Task directions: Where the data below contains pictures, omit them; output the rest word for word.
Supplied information START
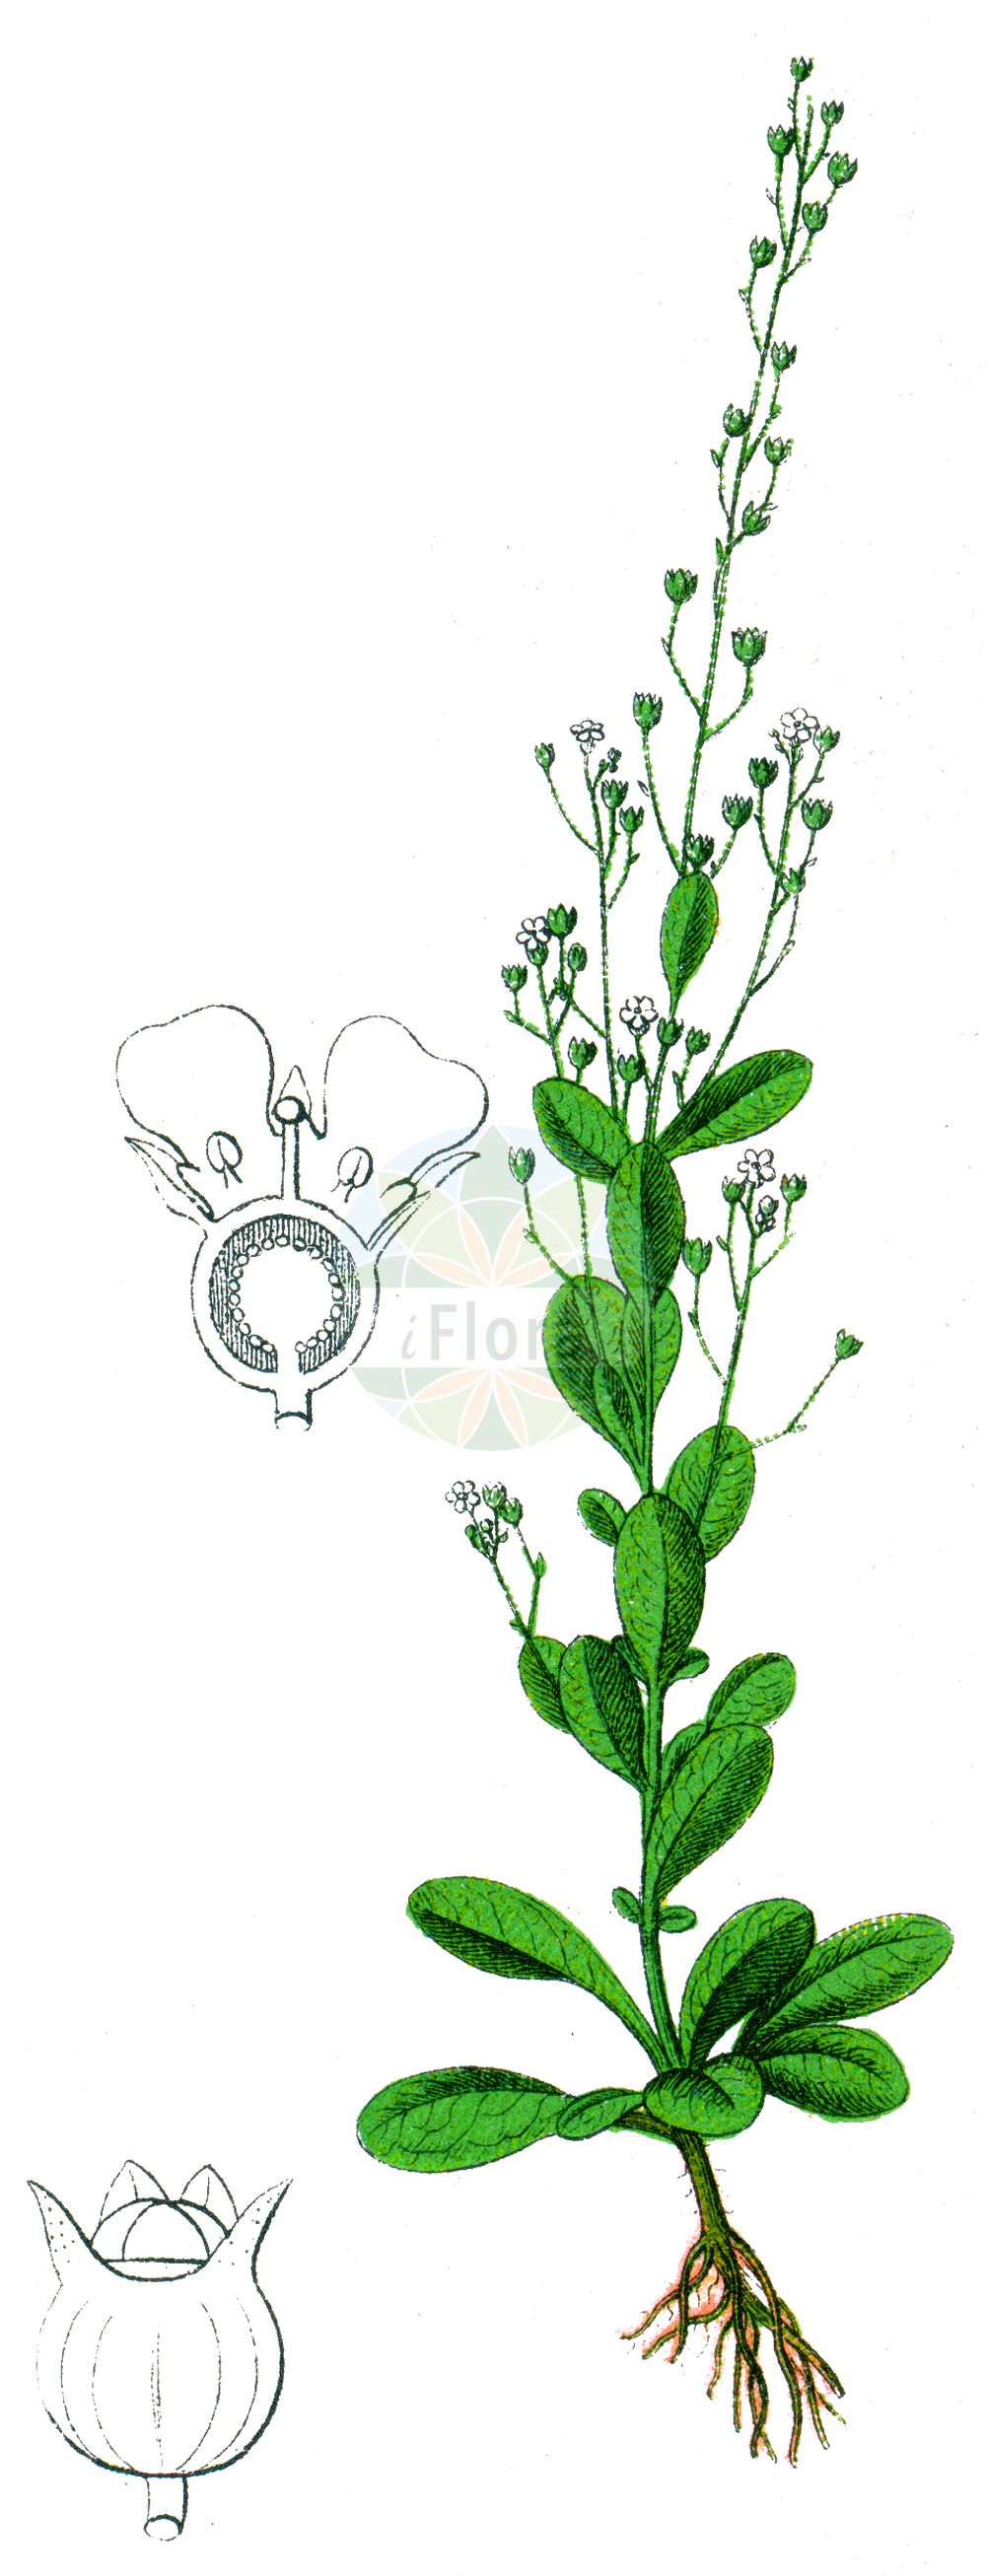 Historische Abbildung von Samolus valerandi (Salz-Bunge - Brookweed). Das Bild zeigt Blatt, Bluete, Frucht und Same. ---- Historical Drawing of Samolus valerandi (Salz-Bunge - Brookweed). The image is showing leaf, flower, fruit and seed.(Samolus valerandi,Salz-Bunge,Brookweed,Samolus valerandi,Salz-Bunge,Brookweed,Seaside Brookweed,Samolus,Salzbunge,Brookweed,Primulaceae,Schlüsselblumengewächse,Primrose family,Blatt,Bluete,Frucht,Same,leaf,flower,fruit,seed,Sturm (1796f))
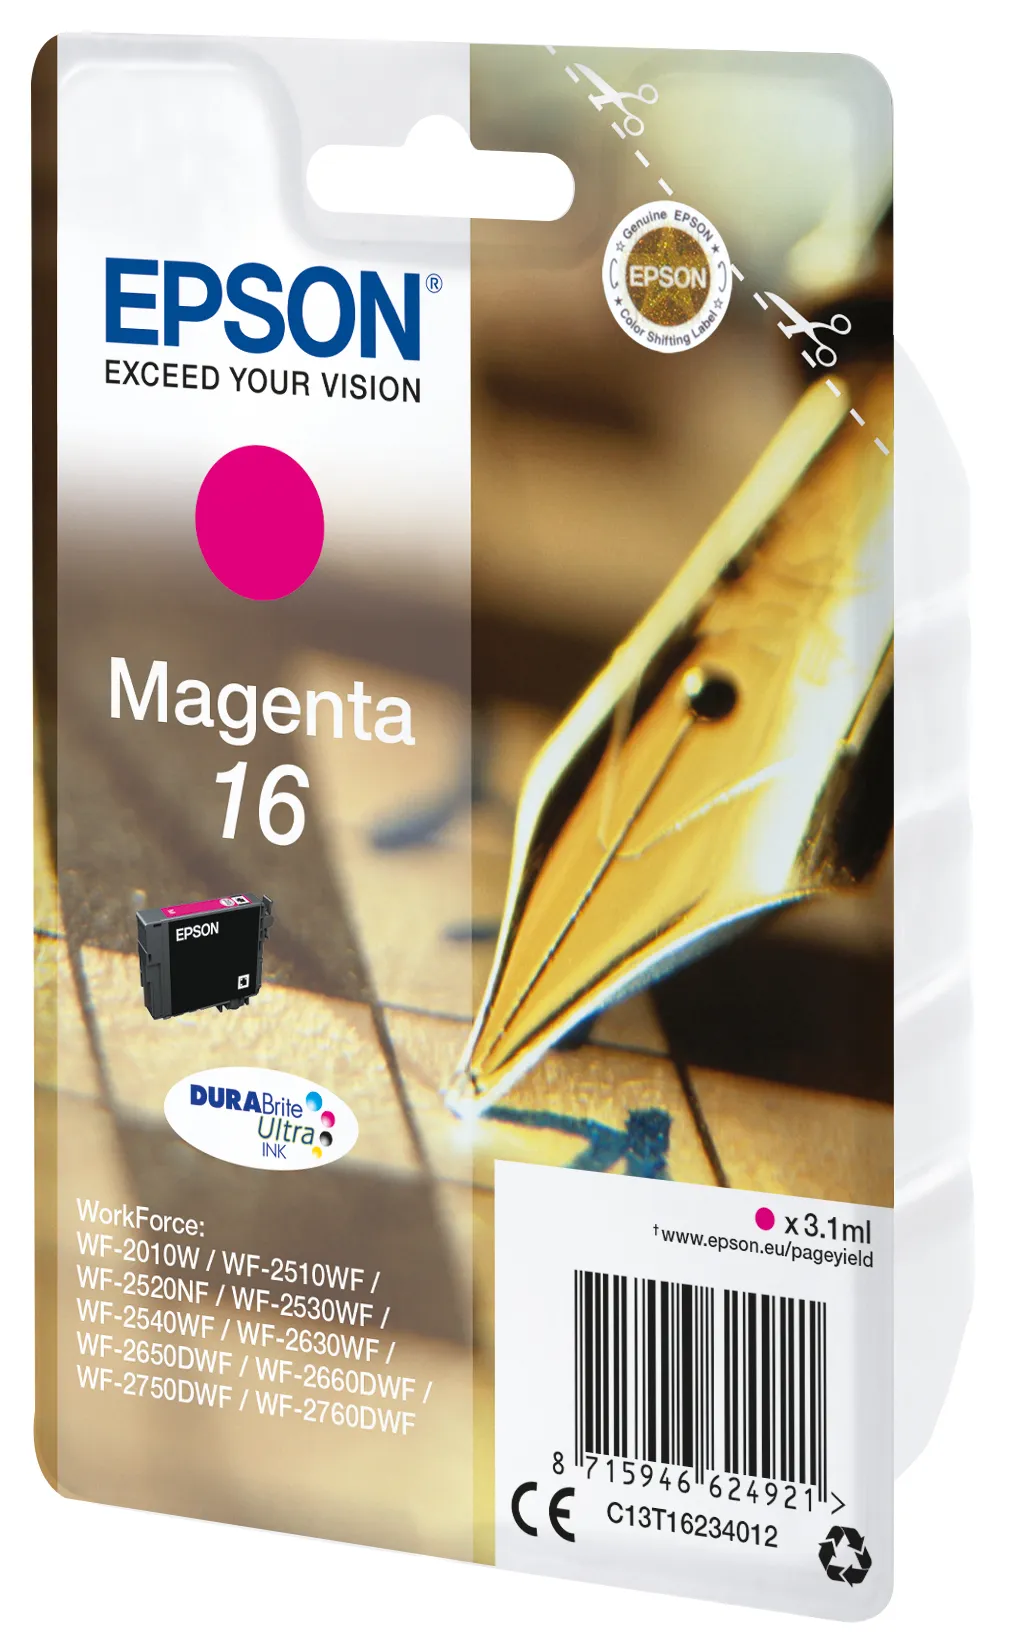 Vente EPSON 16 cartouche encre magenta capacité standard 3.1ml Epson au meilleur prix - visuel 4
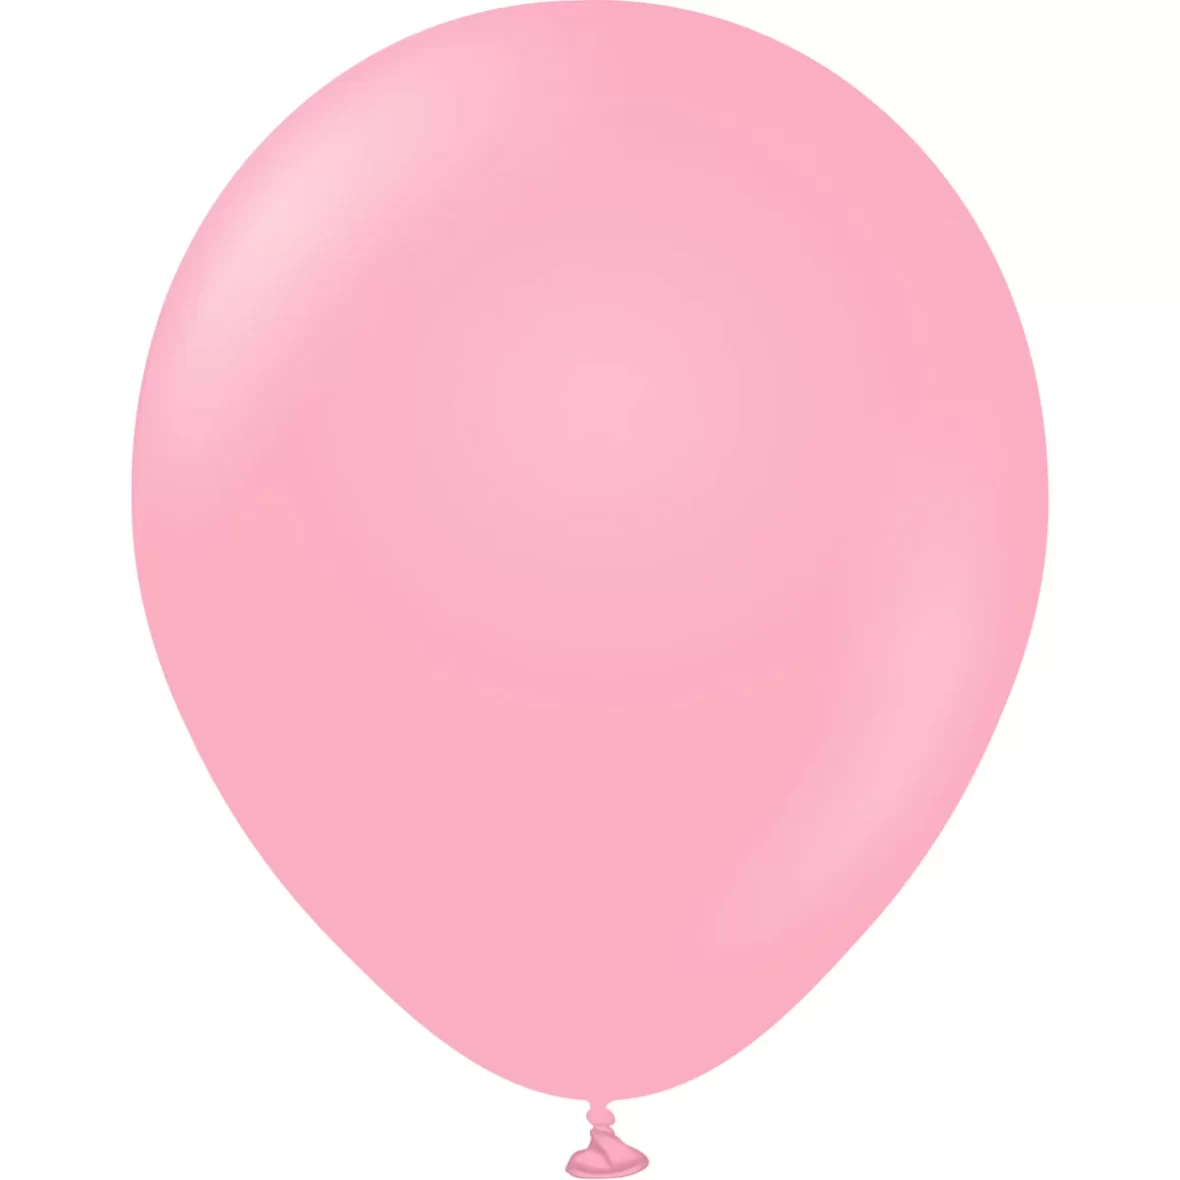 979-baloane-jumbo-ovale-45-cm-4
Supplied information END
Task response:
 Historische Abbildung von Samolus valerandi (Salz-Bunge - Brookweed). Das Bild zeigt Blatt, Bluete, Frucht und Same. ---- Historical Drawing of Samolus valerandi (Salz-Bunge - Brookweed). The image is showing leaf, flower, fruit and seed.(Samolus valerandi,Salz-Bunge,Brookweed,Samolus valerandi,Salz-Bunge,Brookweed,Seaside Brookweed,Samolus,Salzbunge,Brookweed,Primulaceae,Schlüsselblumengewächse,Primrose family,Blatt,Bluete,Frucht,Same,leaf,flower,fruit,seed,Sturm (1796f))
 Vente EPSON 16 cartouche encre magenta capacité standard 3.1ml Epson au meilleur prix - visuel 4
 979-baloane-jumbo-ovale-45-cm-4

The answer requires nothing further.